LNG projects are structured to pay some segments on a cost-based or charter basis, while taking the residual revenue allocation (the "merchant" function) elsewhere in the chain. Shipping is always paid under some kind of long term charter or transportation agreement. For the remainder of the chain there are alternatives, largely determined by the resource and capability endowments of the sponsors and the host country sovereign fiscal structure.

  • In the Australia North West Shelf project, the upstream and liquefaction facility are jointly owned by an unincorporated venture.

  • In Indonesia, the liquefaction facility is government-owned, debt-financed, and compensated on a cost basis. The residual revenue is pushed upstream to the production sharing concession, where it is subject to production sharing terms.

  • In Malaysia and Brunei, the upstream and liquefaction project are separate ventures with separate ownership, and LNG sales revenue is shared.

  • In the Mideast, a variety of structures is developing. However, in one project the feedgas is paid essentially on a fee basis (with some share of "excess" downstream profits), and the liquefaction project is the residual revenue claimant.

Fig. 3 (42161 bytes) shows analysis of netbacks and costs under these alternative project structures.

LNG COMPETITION

In Fig. 4 (109077 bytes) we apply the cost of service analysis to interfuel competition in the growing market for independent electric power production. Here we specify representative imported LNG and coal prices, and import terminal and electric generation facility costs and efficiencies. COS in cents per kilowatt-hour is calculated for LNG, unscrubbed coal, and scrubbed coal-fired generation at a range of available plant load factors.

The panel on the right presents the "gas premium" calculation, showing how much ex-ship LNG could be paid and still compete with unscrubbed and scrubbed coal-fired generation.

PROJECT CHALLENGES

A sponsor or buyer for a prospective LNG project faces a massive financial and institutional commitment to an enterprise requiring a dedicated effort and informed commitment by all the key players.

Successful project formation requires a shared, coherent understanding of costs and rewards through the LNG chain. The LNG project evaluation system developed by Merlin Associates and Poten & Partners and described in this article carefully and systematically integrates engineering-based cost assessment with the business and financial structure of the project.

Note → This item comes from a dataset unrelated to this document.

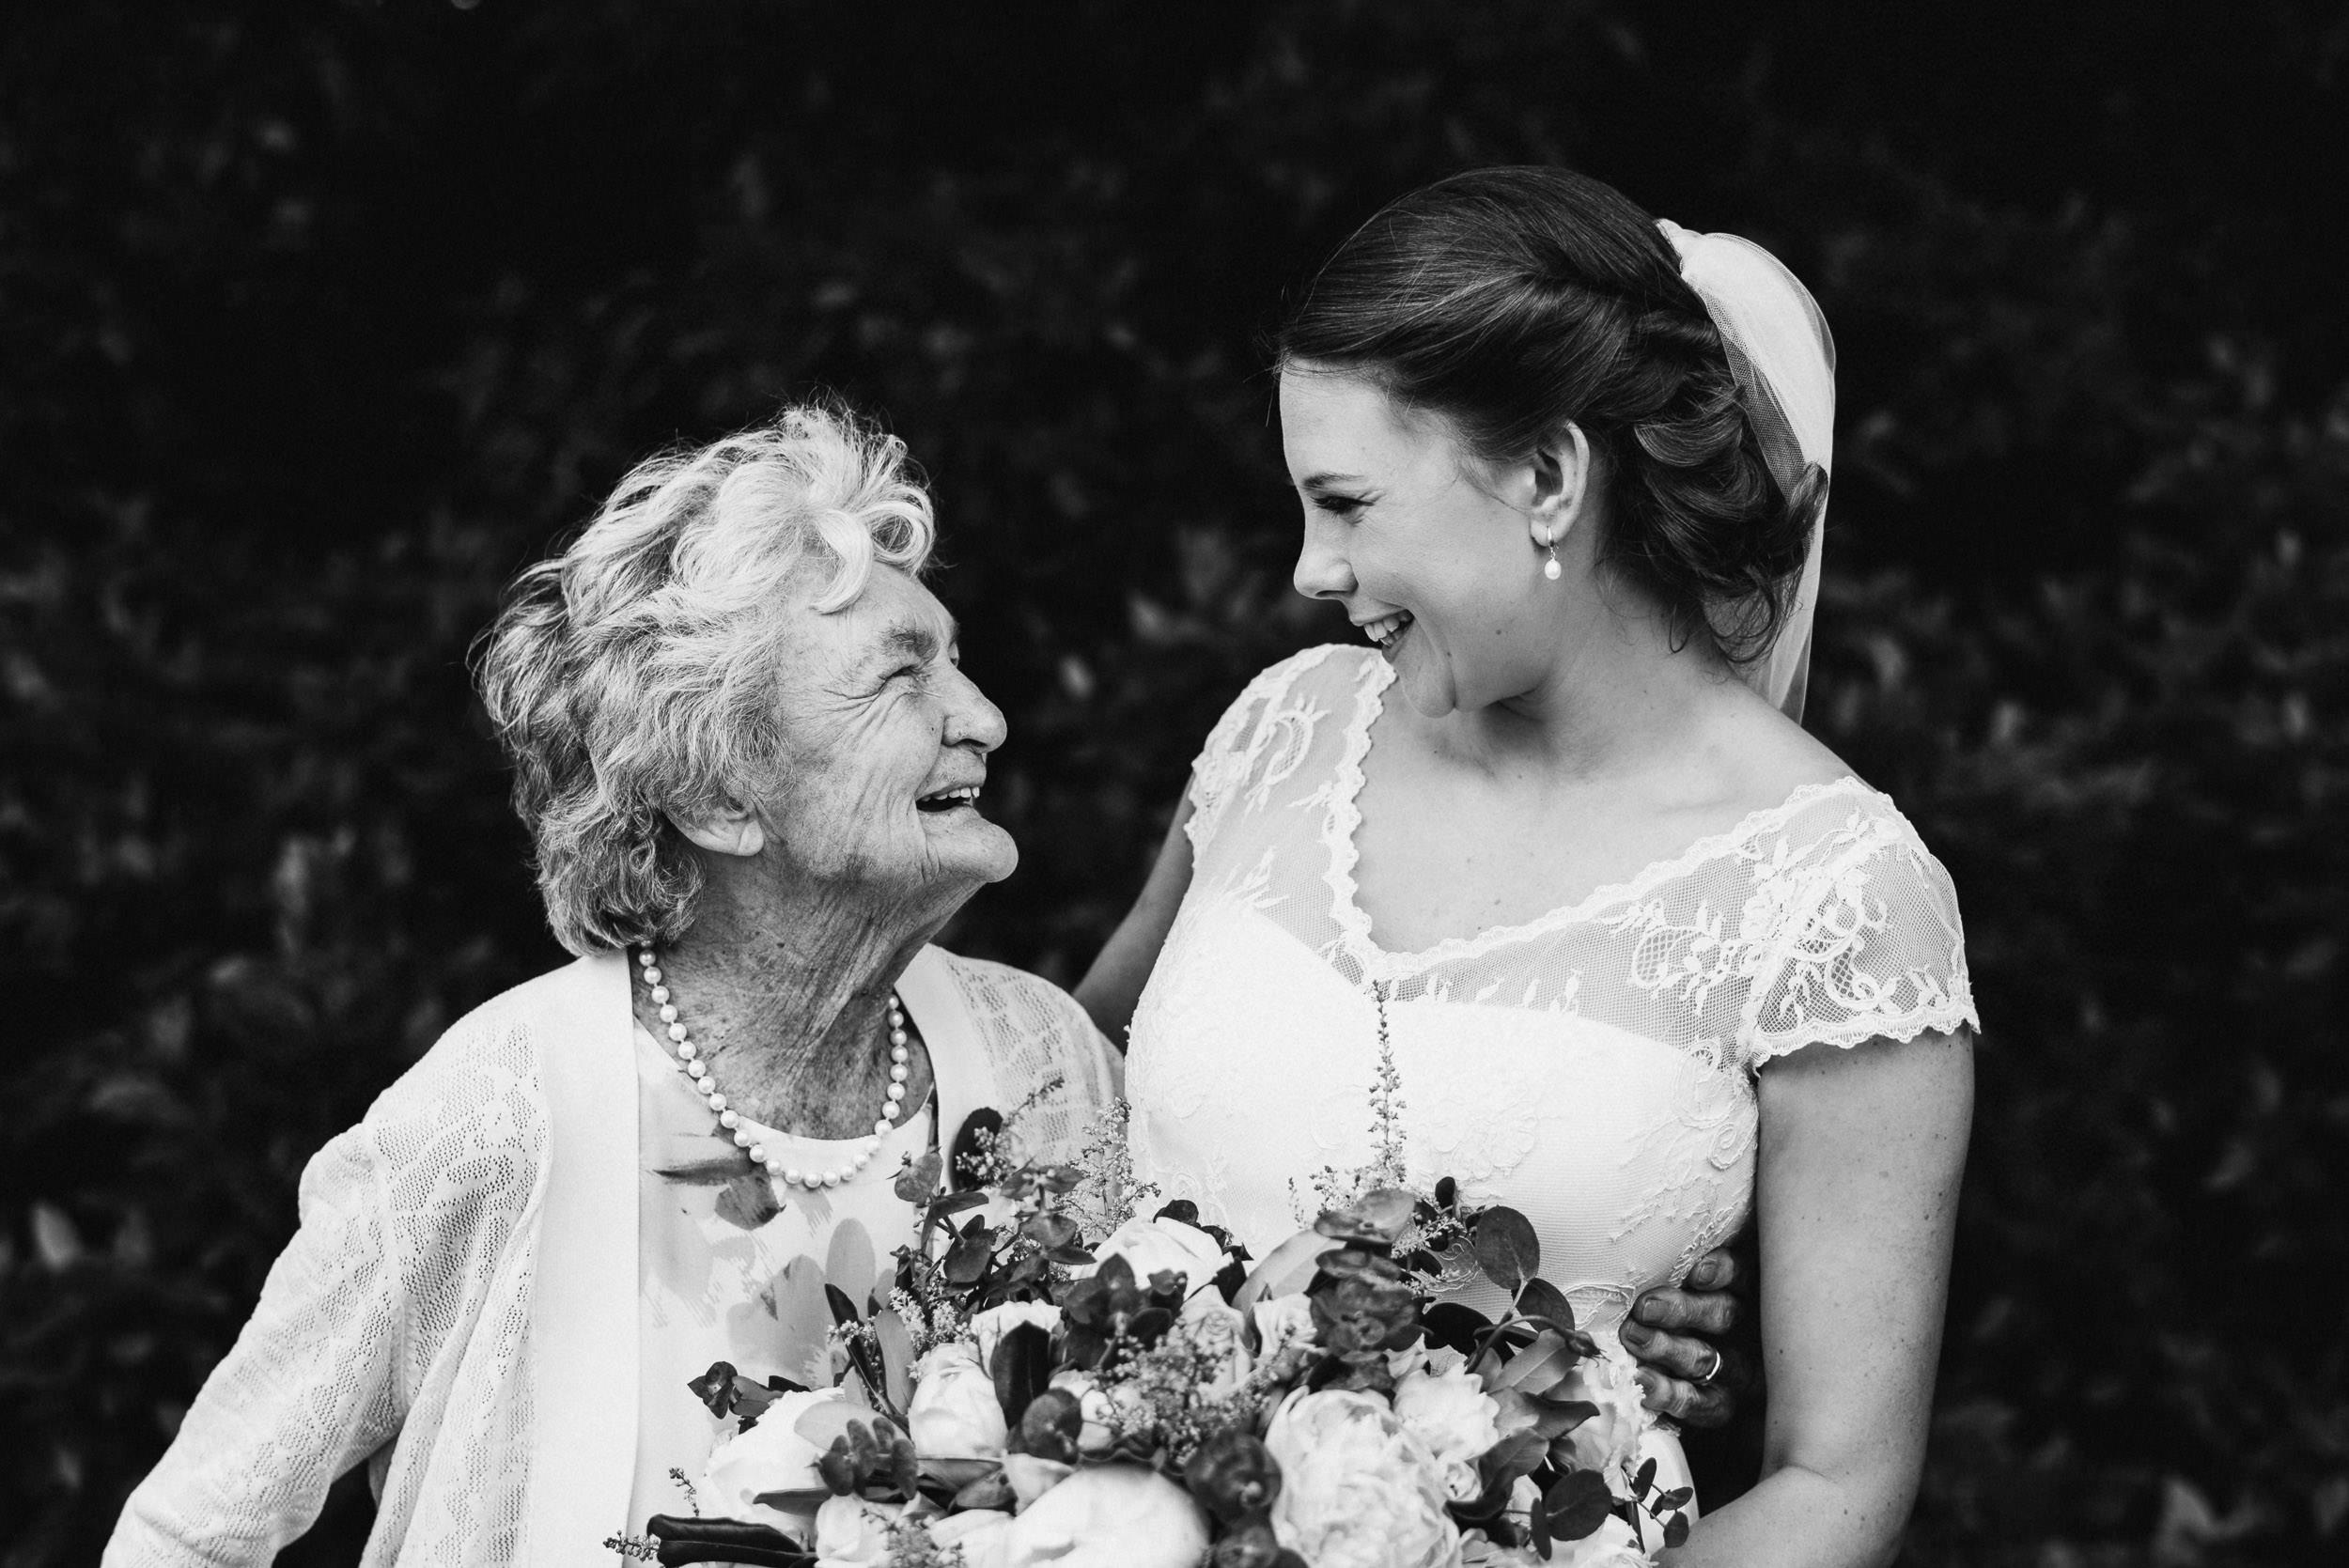 wedding-photography-christchurch312-2.jpg

It has proved to be an effective tool for strategic assessment of project structure and competition during the project formation process.

REFERENCES

1. Merlin Associates, Poten & Partners Inc., "New LNG Trades: Cost and Competition," 1991.

2. DiNapoli, R.N., Yost, C.C., "A Generic Model for Estimating LNG Plant Capital Cost," presented at Symposium on Liquefied Natural Gas, AIChE, Houston, April 1991.

3. DiNapoli, R.N., "Evolution on LNG Project Costs and Estimation Techniques for New Projects," presented at LNG 8 Conference, Los Angeles, June 1986.

4. DiNapoli, R.N., "LNG costs reflect changes in economy and technology," OGJ, Apr. 4,1983, pp 138 143.

5. DiNapoli, R.N., "Estimating cost for baseload LNG plants," OGJ, Nov. 17,1975, pp 58-60.

6. DiNapoli, R.N., "Economics of LNG projects," OGJ, Feb. 20, 1984, pp 47-50.

7. Nissen, D., "Economics Accounts of the Resource Firm," Energy Models and Studies, Benjamin Lev, ed., Studies in Management Science and Systems, Vol. 9, North-Holland, 1983, also in Oil and Gas Supply Modeling: Proceedings of a DOE/NBC Symposium, Saul Gass, ed., NBS Special Publication 631, 369410,1983.

8. Nissen, D., "Economic Accounting for Project Value," Proceedings of the 8th Annual North American Conference of the International Association of Energy Economists, MIT Press, Boston 1987.